A Launceston resident who can clearly recall the feeling of paranoia during World War II, the uncertainty during the great depression, as well as the lingering effects of the polio epidemic, celebrated a milestone birthday this weekend.
Hazel James was born on August 27, 1922. A century later - in a function room at the Country Club and Casino on Saturday - surrounded by her friends and family, she blew out the candles of a cake adorned with three figures for the first time.
Ms James remained sharp as a tack despite her old age and was even able to accurately articulate memories from her childhood.
"I remember the floods in Launceston happening, I would have been about eight, and we were luckily on holiday in Melbourne at the time, but my dad came back to help," she said.
"I also recall heading out to an air pageant at Western Junction airport in 1931, where my family and I were taken on a flight excursion by the famous Australian aviation pioneer Sir Charles Edward Kingsford Smith ... I can still picture myself sitting on my mum's lap, looking out the window, and thinking 'wow, the houses look like little match boxes'."
Ms James said a few less enjoyable memories stuck with her too. "I've lived through two epidemics now, the first being polio ... no one in Launceston under the age of 16 was allowed to leave the area for the duration of the outbreak," she said.
"Then there was World War II ... I remember there hardly being any young men around town during that time, and if you saw one they were usually in uniform."

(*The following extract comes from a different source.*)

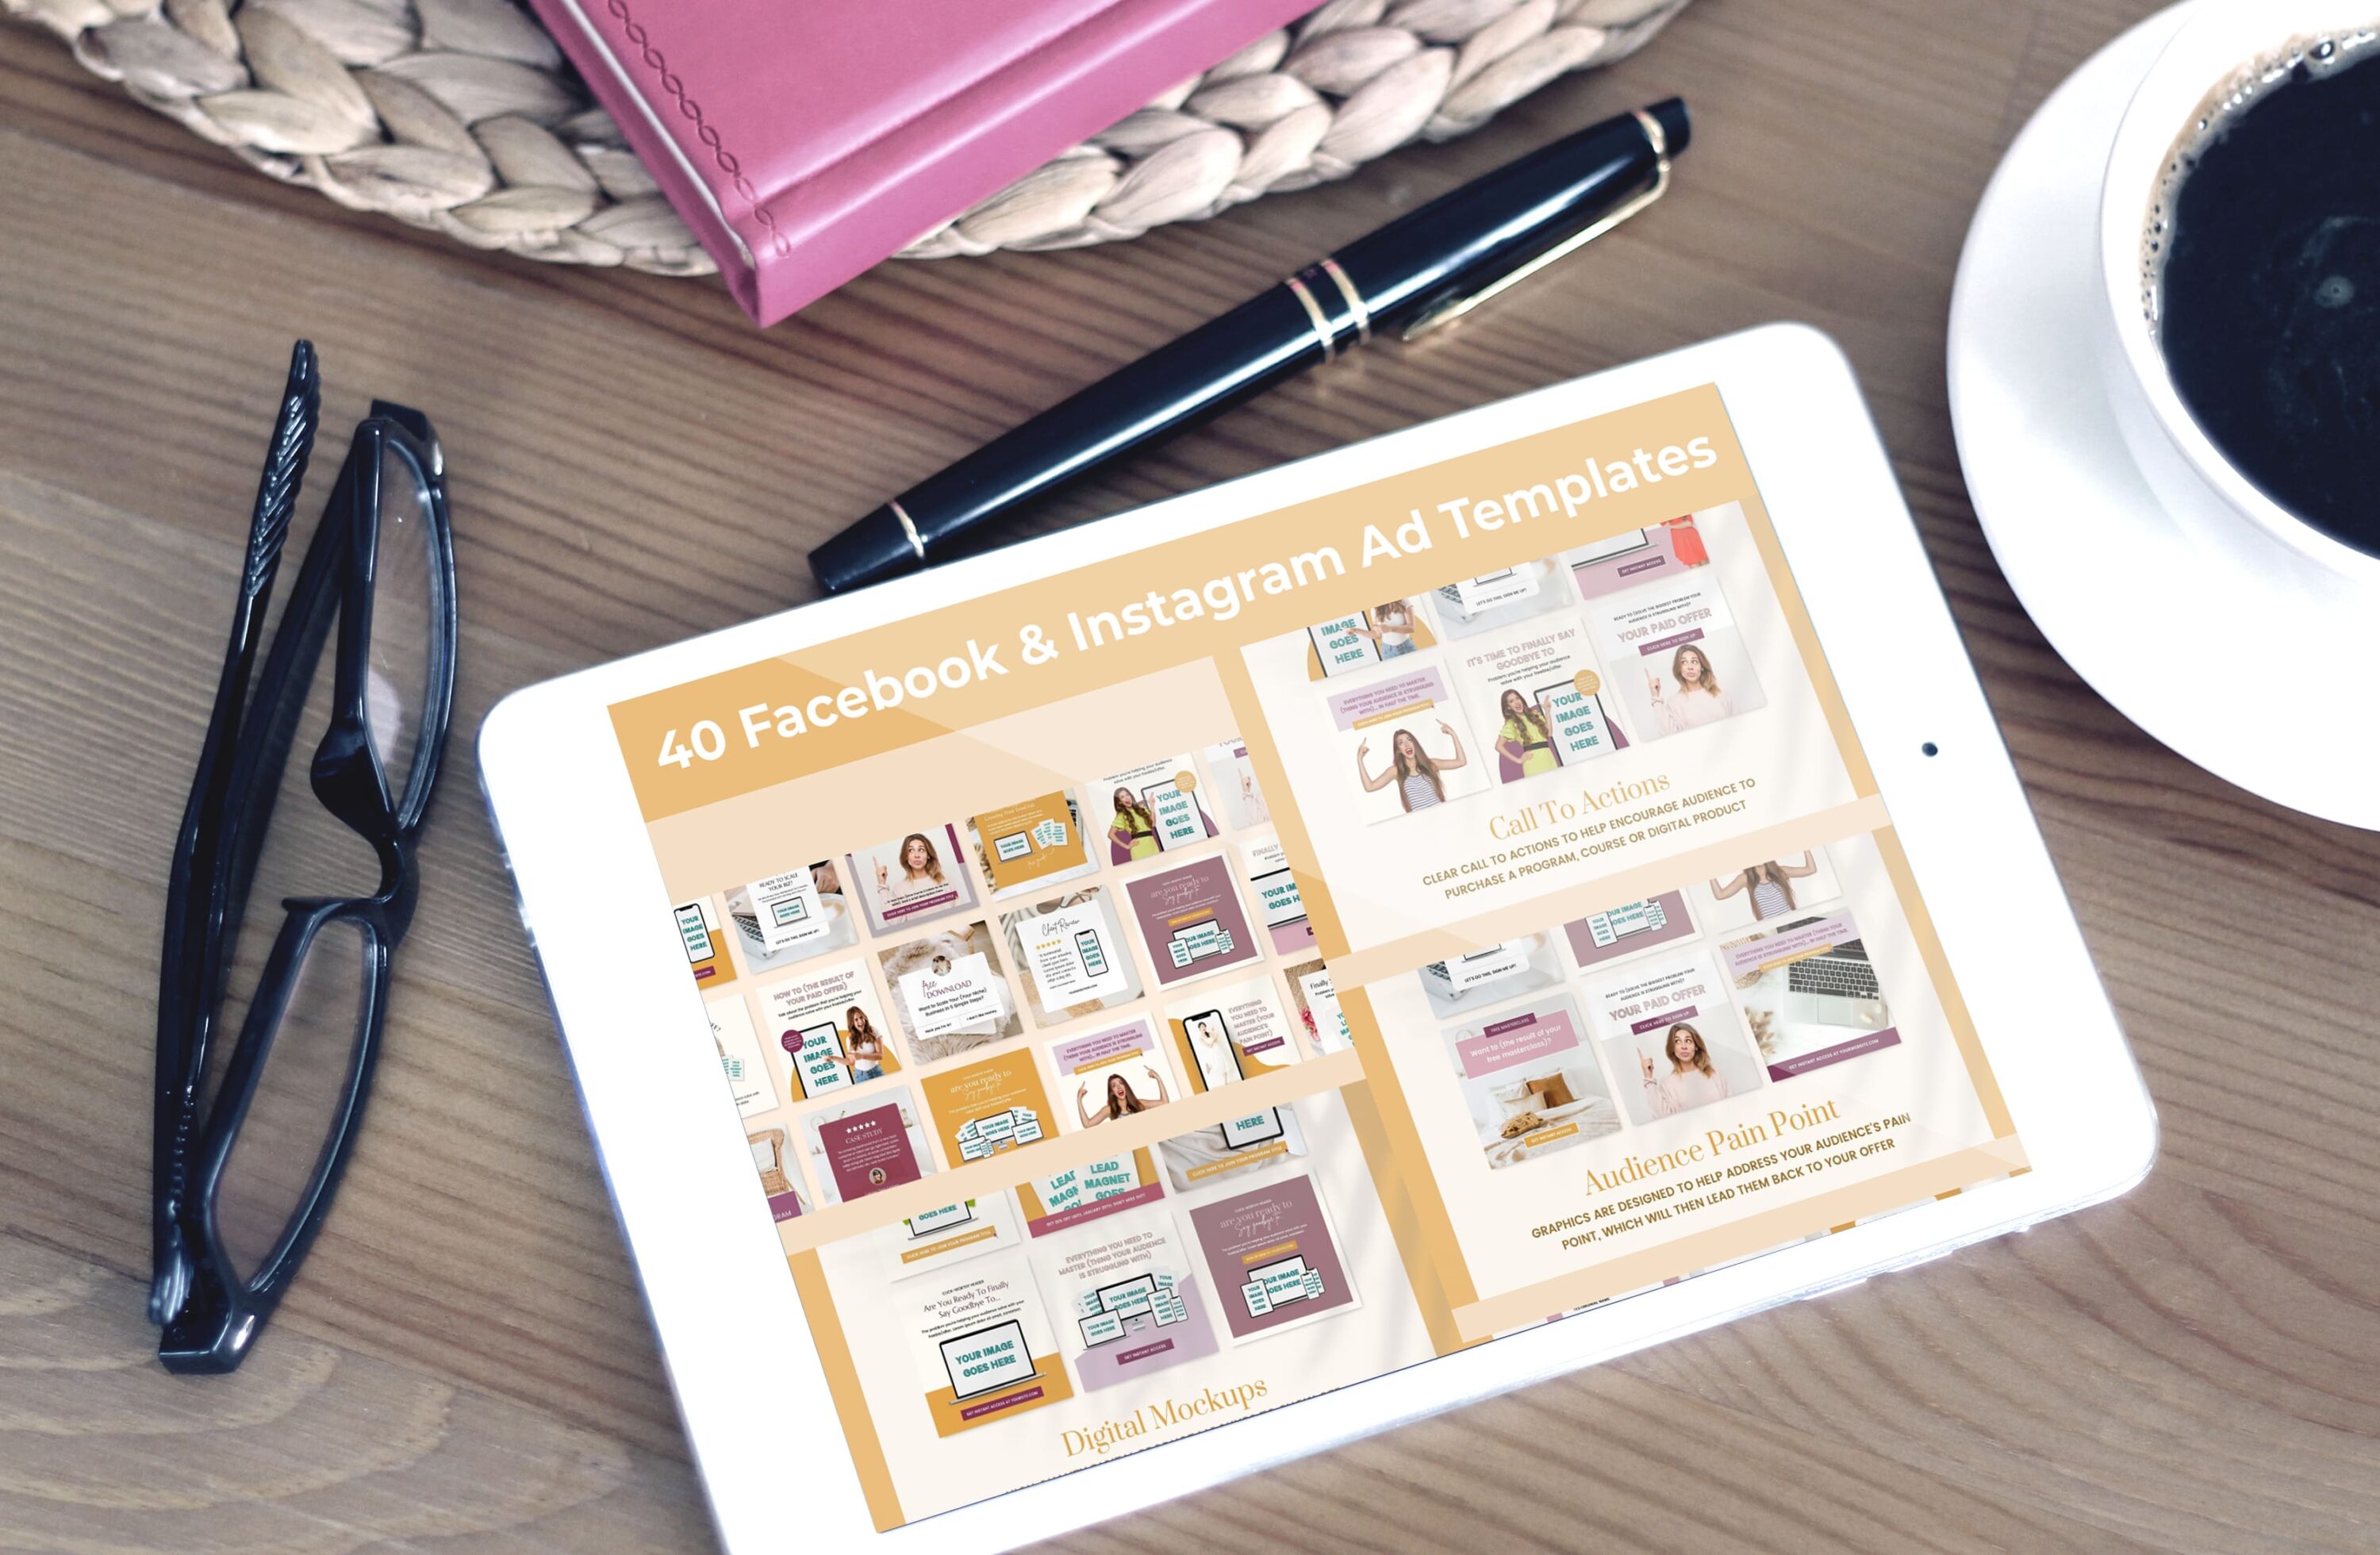 Tablet option of the 40 Facebook & Instagram Ad Templates.

"The windows of most buildings were boarded up, we weren't allowed to show any light at night time through fears there would be air raids, and there were also shelters built down between Cimitiere and Williams Street."
Ms James said she had stayed in Launceston all of her life and watched it expand "out of this world".
"There only used to be a few families in Launceston that had a car when I was a child, and I can remember on that same trip to the airport - where we got to fly for the first time - I was amazed by how many cars there were, they must've come from all over the state," she said.
"There also used to be trams that would run along Brisbane Street and out to Mowbray Heights, which of course is just called Mowbray now."
Ms James said she believed the key to a long life was moderate living.
"You've got to keep off drinking, smoking, and drugs, I've never touched any of them," she said.
Ms James also said despite 100 years going by and a lot of significant events occurring, it still all felt like it went fast.